Task goal
Only a slice of the listing below is wanted. Retype the lines from the one containing "For your consideration" through the one containing "Calming Lavender - 6oz", exactly, both ends included.

┌─ Data supplied

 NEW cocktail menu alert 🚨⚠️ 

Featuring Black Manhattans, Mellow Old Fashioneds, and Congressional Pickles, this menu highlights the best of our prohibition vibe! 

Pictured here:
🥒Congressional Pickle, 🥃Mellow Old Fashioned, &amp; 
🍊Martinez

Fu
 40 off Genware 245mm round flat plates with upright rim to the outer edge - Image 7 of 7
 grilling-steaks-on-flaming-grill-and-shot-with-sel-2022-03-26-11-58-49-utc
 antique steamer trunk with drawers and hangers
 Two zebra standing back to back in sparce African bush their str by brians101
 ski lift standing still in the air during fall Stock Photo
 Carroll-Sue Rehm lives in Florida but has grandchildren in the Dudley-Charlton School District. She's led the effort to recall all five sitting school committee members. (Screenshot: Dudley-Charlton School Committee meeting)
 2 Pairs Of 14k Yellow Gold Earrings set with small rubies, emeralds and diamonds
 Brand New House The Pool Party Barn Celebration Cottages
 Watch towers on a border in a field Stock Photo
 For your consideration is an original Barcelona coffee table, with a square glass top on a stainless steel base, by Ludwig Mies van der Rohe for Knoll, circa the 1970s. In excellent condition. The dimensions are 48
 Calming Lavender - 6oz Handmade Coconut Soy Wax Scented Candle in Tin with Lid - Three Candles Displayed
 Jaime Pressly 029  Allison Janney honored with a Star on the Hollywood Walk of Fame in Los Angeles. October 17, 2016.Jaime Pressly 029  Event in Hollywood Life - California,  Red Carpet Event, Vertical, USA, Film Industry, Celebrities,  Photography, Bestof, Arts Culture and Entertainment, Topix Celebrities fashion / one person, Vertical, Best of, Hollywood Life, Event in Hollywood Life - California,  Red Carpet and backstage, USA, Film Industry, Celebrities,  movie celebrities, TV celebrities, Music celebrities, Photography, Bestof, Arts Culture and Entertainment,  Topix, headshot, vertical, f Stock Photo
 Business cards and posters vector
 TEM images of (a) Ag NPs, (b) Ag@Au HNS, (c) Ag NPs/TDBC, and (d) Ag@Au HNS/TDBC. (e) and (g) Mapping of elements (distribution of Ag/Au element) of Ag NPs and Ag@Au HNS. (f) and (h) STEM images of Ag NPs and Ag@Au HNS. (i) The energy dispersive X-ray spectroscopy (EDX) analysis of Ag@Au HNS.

└─

Solution for this problem
 For your consideration is an original Barcelona coffee table, with a square glass top on a stainless steel base, by Ludwig Mies van der Rohe for Knoll, circa the 1970s. In excellent condition. The dimensions are 48
 Calming Lavender - 6oz Handmade Coconut Soy Wax Scented Candle in Tin with Lid - Three Candles Displayed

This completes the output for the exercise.